16. The system of claim 15, wherein the functional groups
correspond to identified individual software functions.
17. The system of claim 15, wherein the operation types include
operations simplified to a basic category of operations.
18. The system of claim 17, wherein the operation types includes
one or more of: an operation type for a plurality of different move
operations; an operation type for a plurality of different jump
operations; an operation type for a plurality of different push
operations; an operation type for a plurality of different
conditional jump operations; and an operation type for a plurality
of different call operations.
19. The system of claim 15, wherein the simplifying step includes a
step of ignoring arguments and operands.
20. One or more non-transitory memory components containing
computer instructions for instructing a computer system to perform
the steps of: receiving an executable file, generating a function
identification code for one or more software functions contained in
the received executable file, and comparing a function
identification code generated for the received file against
function identification codes for a plurality of known executable
files in one or more databases accessible by the computer system to
determine a level of similarity between a software function
contained in the received executable file and a software function
contained in a known executable file.
21. The one or more non-transitory memory components of claim 20,
wherein the step of generating a function identification code for
one or more software functions contained in the received executable
file includes the following steps: disassembling the executable
file into assembly code instructions; and breaking the disassembled
assembly code instructions into one or more software functions.
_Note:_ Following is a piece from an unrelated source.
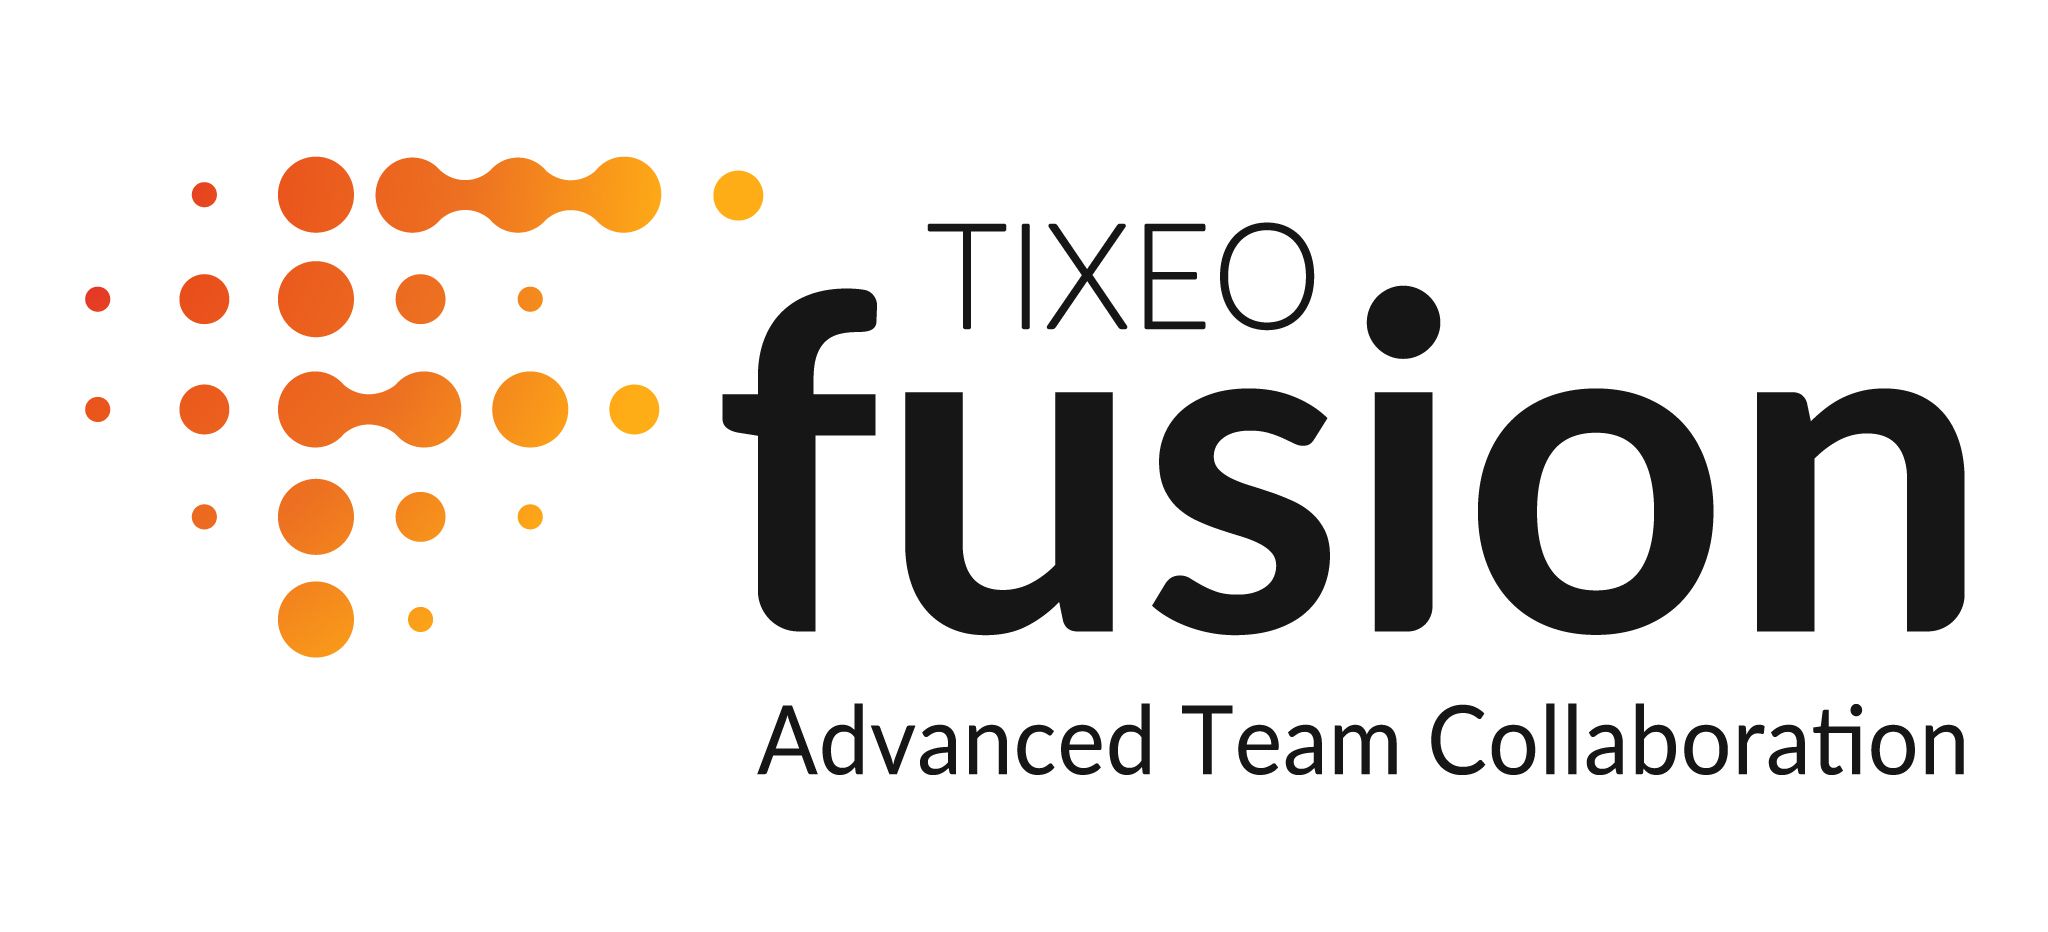 Tixeo lanza TixeoFusion y revoluciona el trabajo remoto de equipos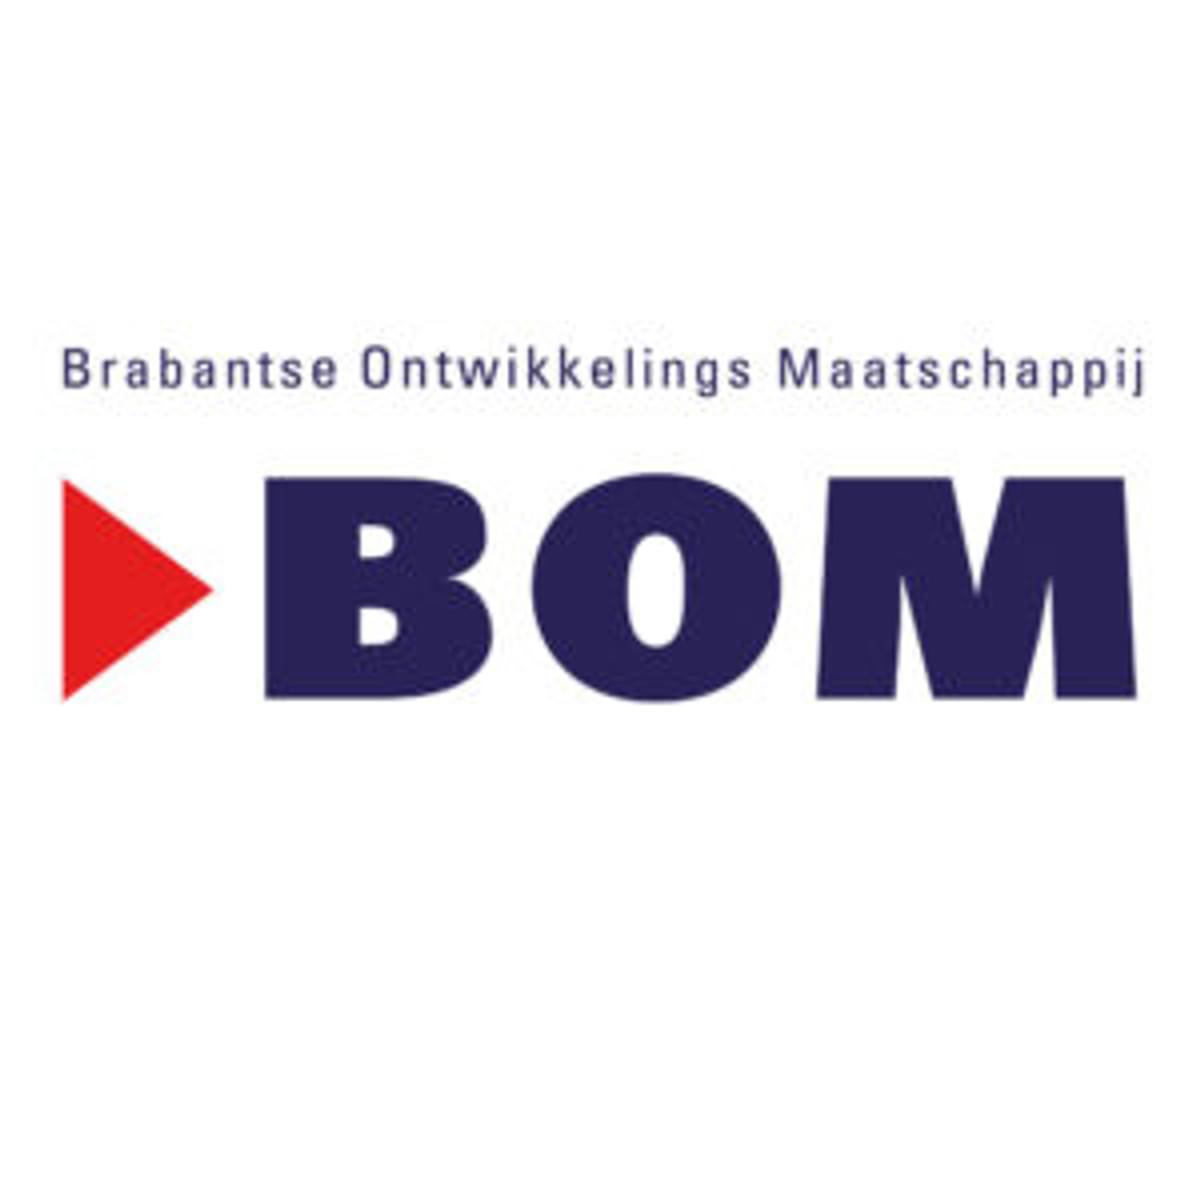 Brabantse Ontwikkelings Maatschappij investeert in data science-bureau Adchieve image

22. The one or more non-transitory memory components of claim 20,
wherein the step of generating a function identification code for
one or more software functions contained in the received executable
file is based upon the identification of assembly language opcodes
respectively contained in each of the one or more software
functions.
23. The one or more non-transitory memory components of claim 21,
wherein the step of generating a function identification code for
one or more software functions contained in the received executable
file is based upon the types of assembly language opcodes
respectively contained in each of the one or more software
functions.
24. The one or more non-transitory memory components of claim 23,
wherein the step of generating a function identification code for
one or more software functions contained in the received executable
file ignores the operands and arguments associated with the
assembly language opcodes in the assembly code instructions.
25. The one or more non-transitory memory components of claim 24,
wherein each type of assembly language opcode is associated with an
alphanumeric character, and the step of generating a function
identification code for one or more software functions contained in
the received executable file includes building a string of the
alphanumeric characters sequentially associated with the types of
assembly language opcodes respectively contained in each of the one
or more software functions.
26. The one or more non-transitory memory components of claim 20,
wherein the known executable files contain known malicious
executable files, and the comparing step compares function
identification codes generated for the received file against
function identification codes associated with the plurality of
known malicious executable files in the one or more databases to
determine a level of similarity between the received executable
file and one or more of the known malicious executable files in the
one or more databases.
27. The one or more non-transitory memory components of claim 20,
wherein the comparing step utilizes string similarity algorithms.
Description
FIELD OF THE INVENTION
[0001] The current disclosure pertains to systems and methods for
detecting and/or identifying software functions in potential
malicious executable computer files (i.e., "malware") on a computer
system, or passing through an electronic communication channel such
as through email exchanges or through network sensors.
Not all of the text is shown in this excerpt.